Three decades ago, building automation systems — sensors, control devices and wiring — were installed around a single product from a single manufacturer. Proprietary equipment, often from the lowest bidder, meant that facilities executives were locked into a system that might not be the most cost effective in the long run. A replacement part had to come from the original equipment manufacturer, and there was no guarantee that it would be the least expensive. Even worse, changing the building automation system meant changing everything from the control panel and front end to the network and setup.
In organizations with many buildings, the problem multiplied each time a new system was installed. That’s one reason that large organizations have been leaders in the move to BACnet, an open data communication protocol for building automation and control networks. Developed by the American Society of Heating, Refrigerating and Air-Conditioning Engineers (ASHRAE), the protocol allows the open connectivity of BACnet-compliant equipment from different manufacturers and delivers system information to a single front end. It became an ASHRAE/ANSI standard in 1995 and an ISO standard in 2003.
During that time, BACnet has become well–established and widely used, with a growing number of manufacturers offering an increasingly broad array of BACnet-compliant products. Those systems and devices are being used in facilities of all types and sizes. But it is large organizations that pose some of the toughest challenges for open systems. And a look at applications in those organizations shows how BACnet is handling demanding real-world tests.
Ron Sharpe, manager for building automation at The Ohio State University in Columbus, has had his share of headaches with proprietary building automation systems. He has been involved with control systems since the 1970s, and he knew even then that efficient building control systems had to be interoperable.
“We needed a way that any manufacturer’s system would work with any other manufacturer’s system,” says Sharpe. “If you go with a proprietary system, you get locked in with the low bid. The hook is set.”
BACnet has taken Sharpe and other facilities executives like him off the hook. “BACnet is a true open protocol,” Sharpe says.
Sharpe, a member and past chair of the BACnet Interest Group - North America, has had his eye on the protocol since its beginning in 1987. He admits it wasn’t love at first sight. “We’d hoped for plug-and-play,” he said. “When I read the first review, I was disappointed that it wasn’t plug-and-play.”
Input from potential users improved early versions of the protocol. When Sharpe finally got his hands on a working panel in 1999, it could do everything that he wanted it to do.
“Our local integrator brought out a panel to try,” he says. “I gave it to my head supervisor and said, ‘See what’s wrong with it.’ After two weeks of testing, he came back and said, “I like it. It did everything I wanted it to do, and it is easy to use.”
About the same time, Sharpe faced a catastrophic equipment failure in a lab building and had to decide whether to repair the old system or scrap it and start over. Replacing the system was not much more than buying the parts needed to get the old system running.
The choice was easy. And when installed, the new BACnet system worked as reliably as the test panel.
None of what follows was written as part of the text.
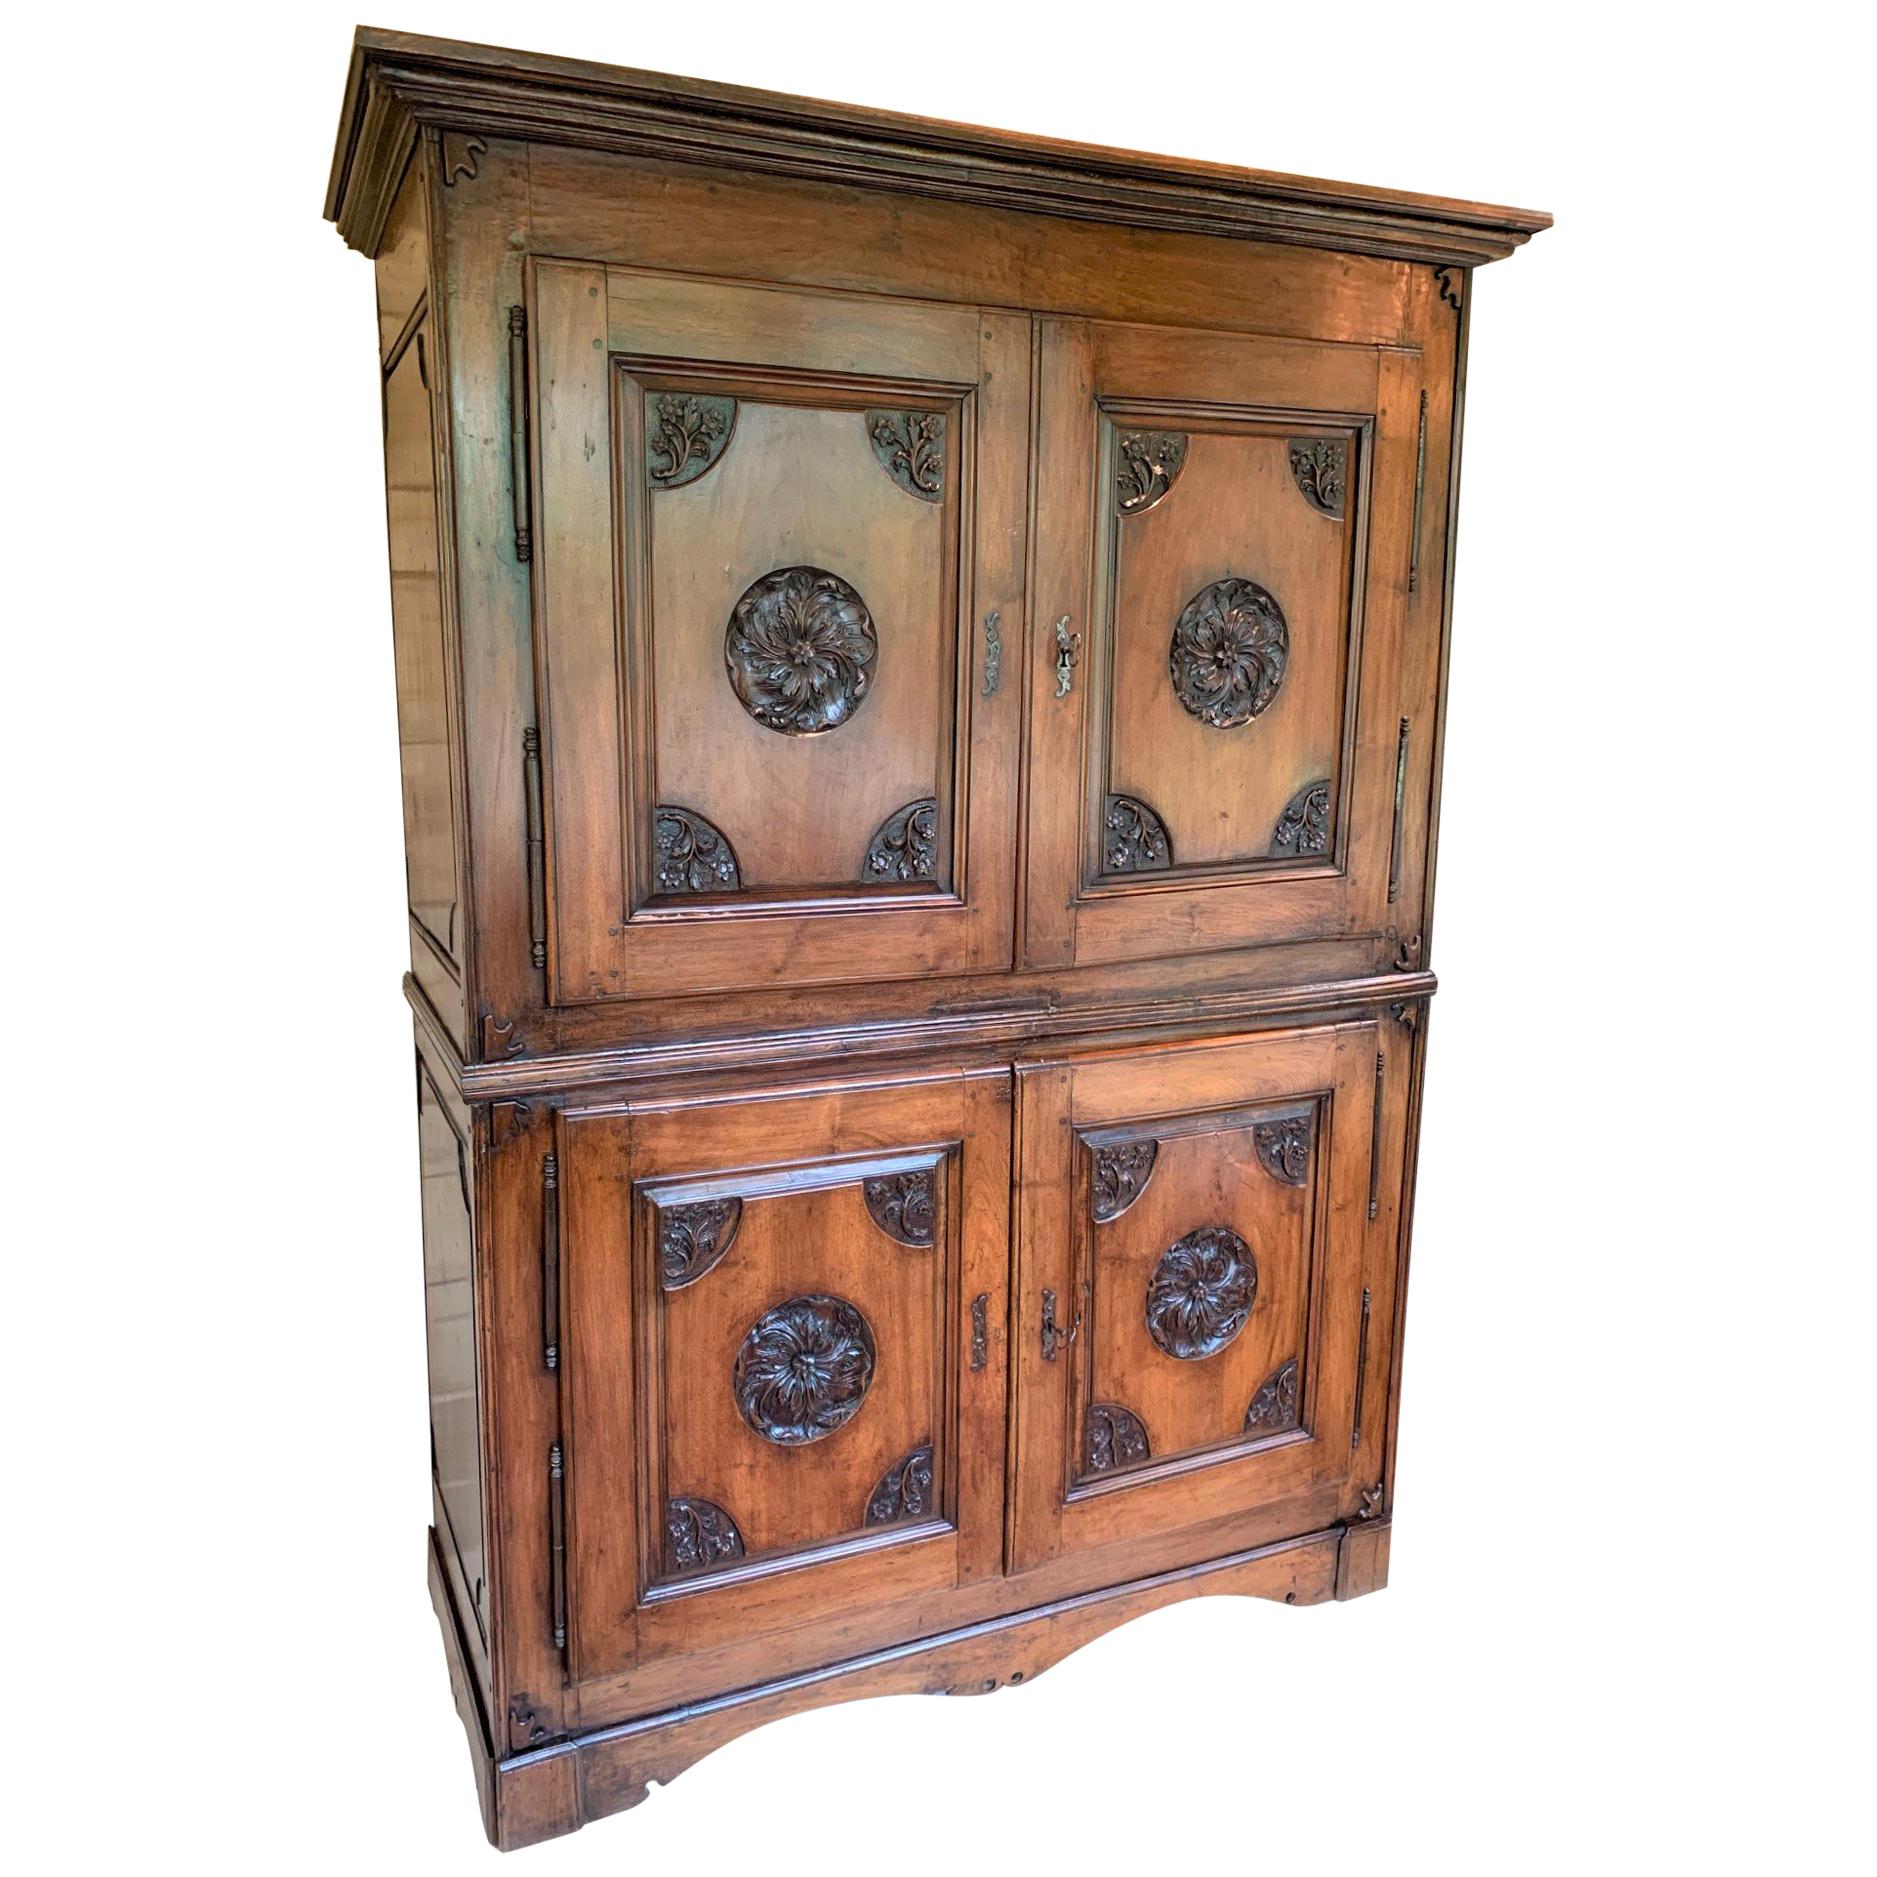 18th Century French Red Walnut Armoire

Since then, OSU has consolidated nine building automation systems with different protocols and different front ends to five. Sharpe wants to streamline the operation to one front-end system within the next five years.
“We needed to have a platform that could communicate with multiple vendors to eliminate different front ends and multiple computers,” Sharpe says. “We need to improve compatibility among systems.”
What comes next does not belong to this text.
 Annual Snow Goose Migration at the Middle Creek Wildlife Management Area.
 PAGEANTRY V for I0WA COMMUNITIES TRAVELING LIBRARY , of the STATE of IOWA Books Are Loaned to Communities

The reason is obvious. OSU has about 12 million square feet of academic and research space. That number is growing as the school continues capital improvement projects. BACnet is installed in about 25 percent of the university’s 149 academic and research buildings. The protocol is used for direct digital control, variable speed drives, chillers, fume hoods and fire alarms. With BACnet, Sharpe and his staff get systems information faster and easier than before.
“If I can’t convert a vendor over to BACnet, we replace it with new,” he says. “We use buildings for about 50 years. If they are historic, we use them longer than that. Most electronics last 10 years. BACnet is good way of staying on top of all that.”
BACnet can also be used for lighting control and other building automation functions. At OSU, for example, elevators will be the next system brought online. With BACnet, the supervisor in charge of that system will be able to monitor their condition and know immediately when and why a car might stop moving. BACnet’s flexibility will allow a customized Web page to pop up when there is a problem.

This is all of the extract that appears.